Roblox, an online games platform with over 200 million monthly players that is used by two-thirds of kids aged 9 to 12 in the US, was down for three days before returning to normal operations at 4.45 pm PST on October 31.
Beginning on October 28 at 4 pm PST, Roblox was hit by a server disruption that its status page described as an “internal system issue”. Many players blamed it on the popularity of a giveaway called the Chipotle Boorito Maze, in which players could earn daily items by navigating a maze, and get a free burrito by dressing up in a “a Chipotle-inspired costume”. Roblox tried to tamp down this theory, tweeting that “this outage was not related to any specific experiences or partnerships on the platform.”
From 12.50 pm PST on October 31, Roblox began allowing some users to connect, writing that, “Traffic is being allowed incrementally. Some, but not all players will have access.” The outage officially ended at 4.45 pm, when normal service was resumed and parents rejoiced.
A blog post by David Baszucki, Roblox founder and CEO, explained that the outage was caused by several factors in combination. “A core system in our infrastructure became overwhelmed,” he wrote, “prompted by a subtle bug in our backend service communications while under heavy load. This was not due to any peak in external traffic or any particular experience. Rather the failure was caused by the growth in the number of servers in our datacenters.
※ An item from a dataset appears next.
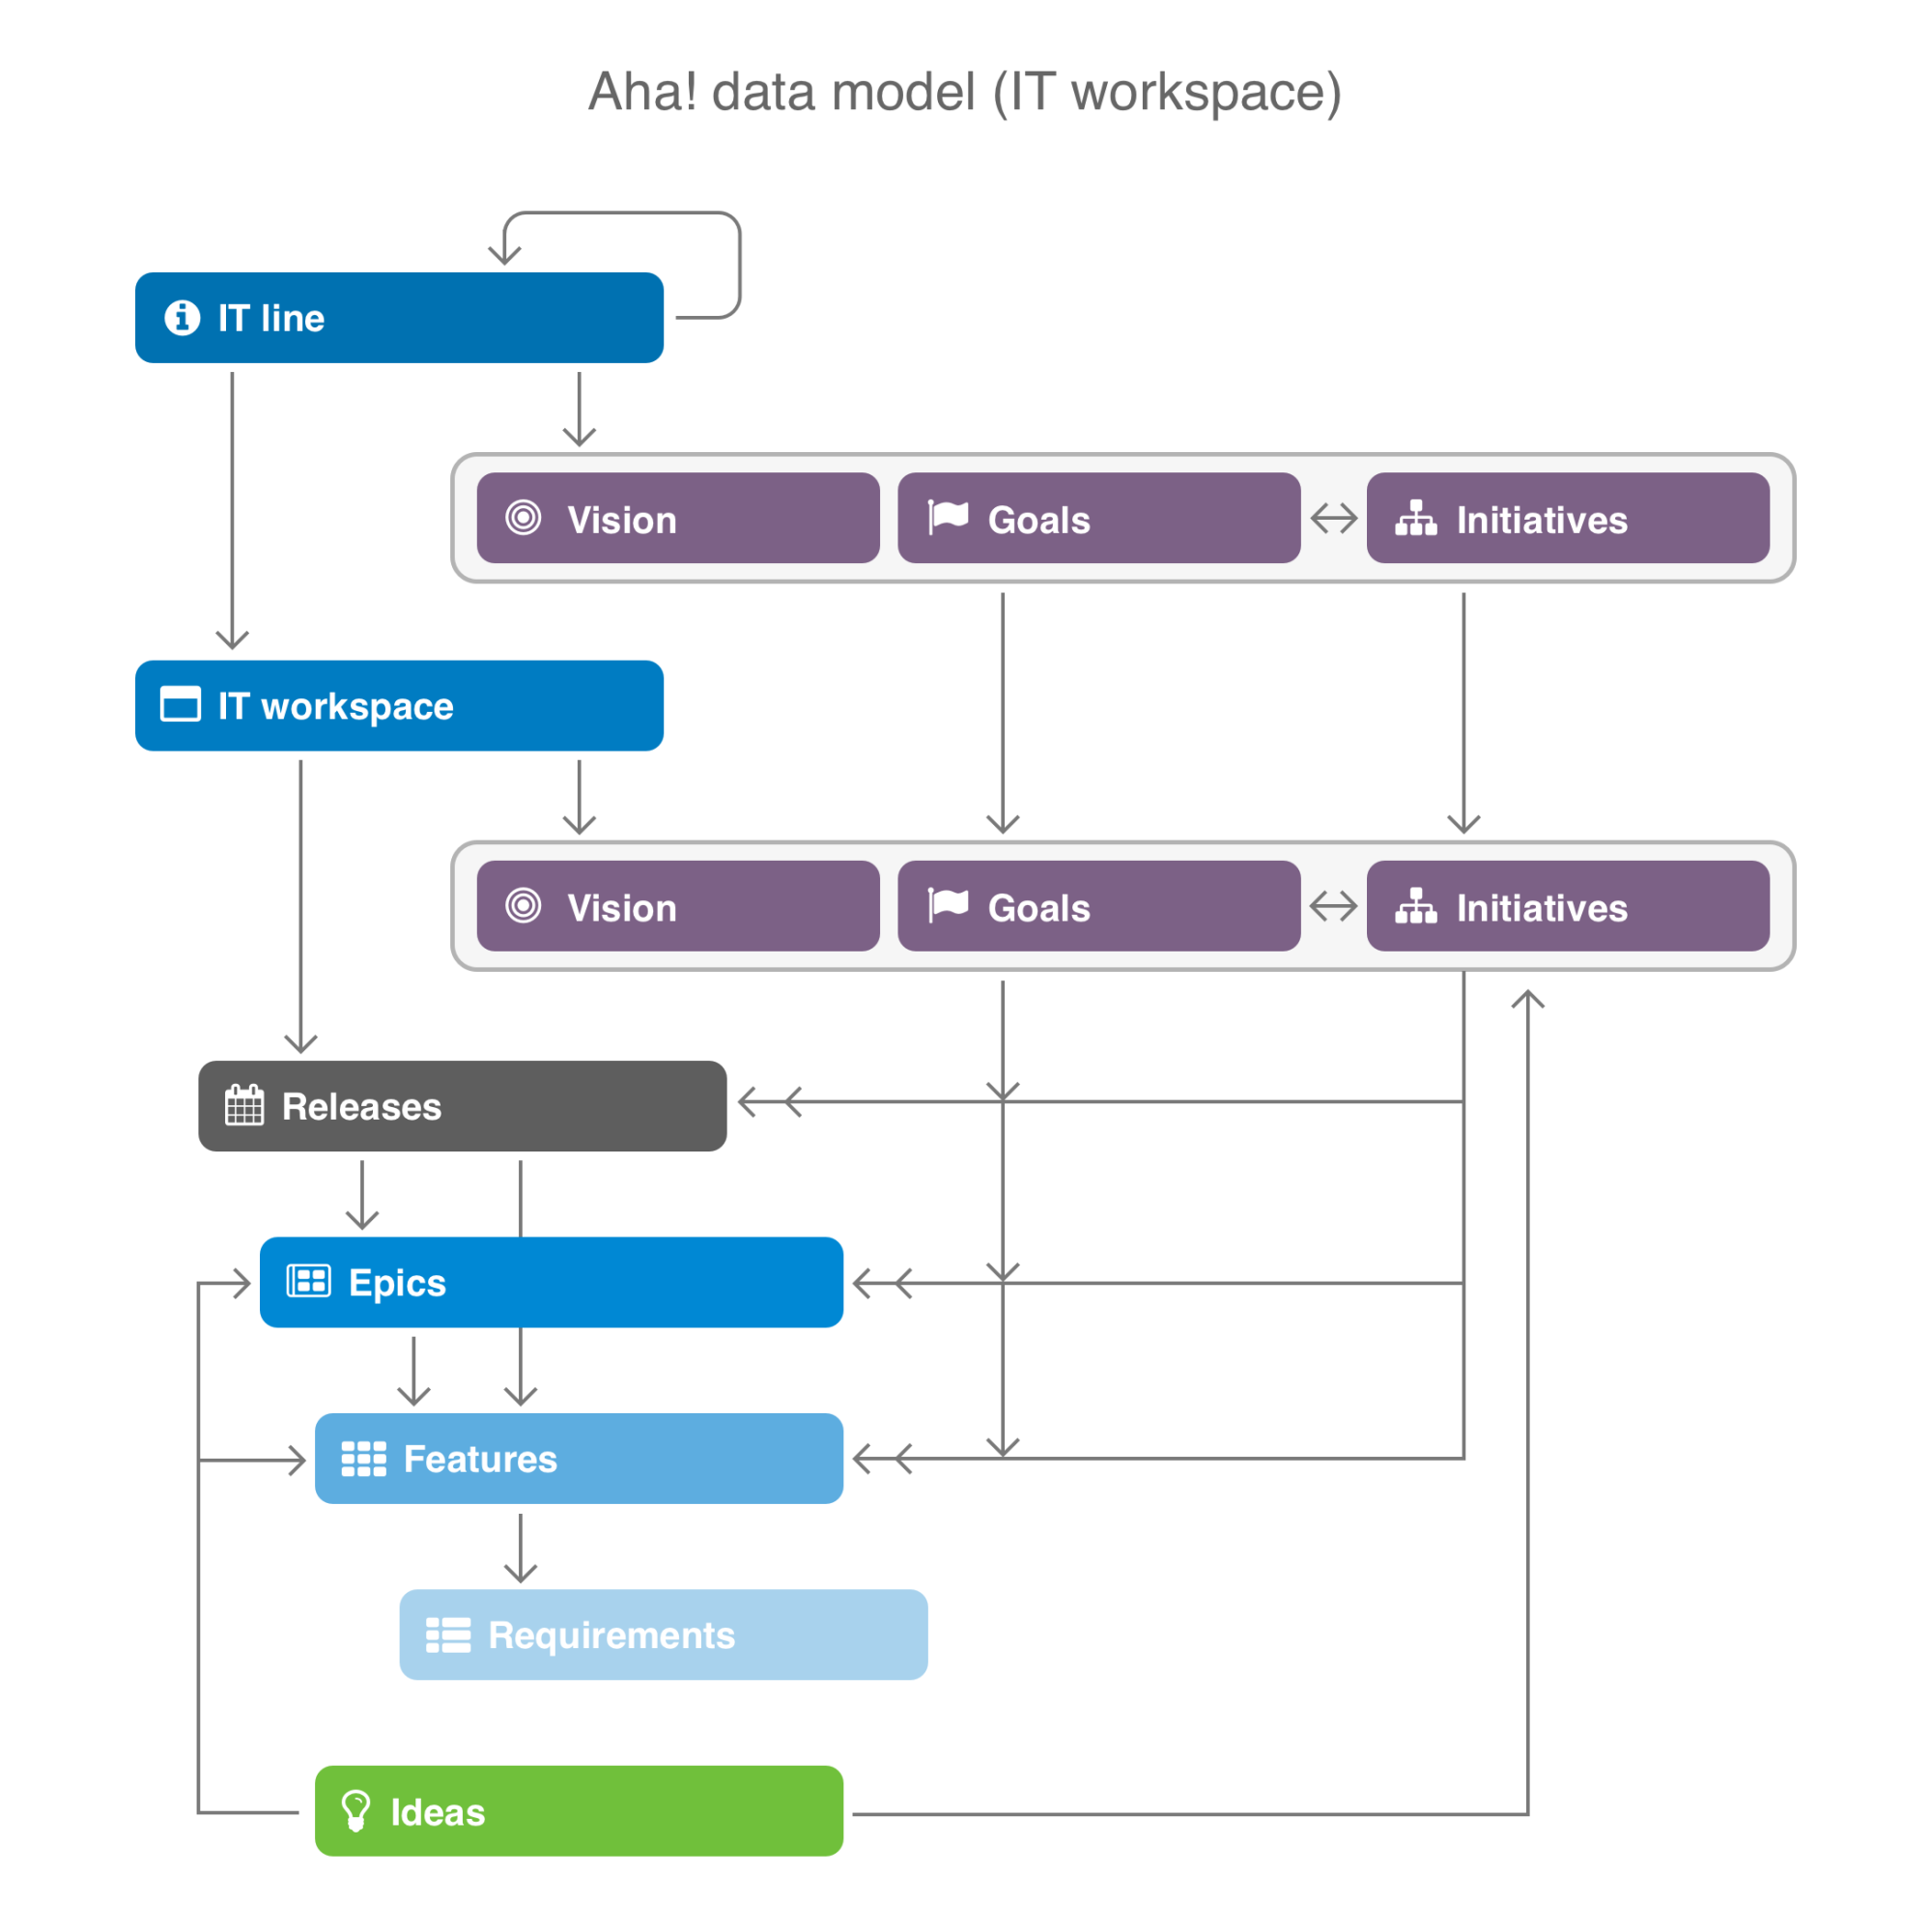 Flowchart of the Aha! Roadmaps data model for the IT workspace type.

The result was that most services at Roblox were unable to effectively communicate and deploy.”
More information on the cause will follow. “We will publish a post-mortem with more details once we’ve completed our analysis,” Baszucki continued, :along with the actions we’ll be taking to avoid such issues in the future. In addition, we will implement a policy to make our creator community economically whole as a result of this outage.”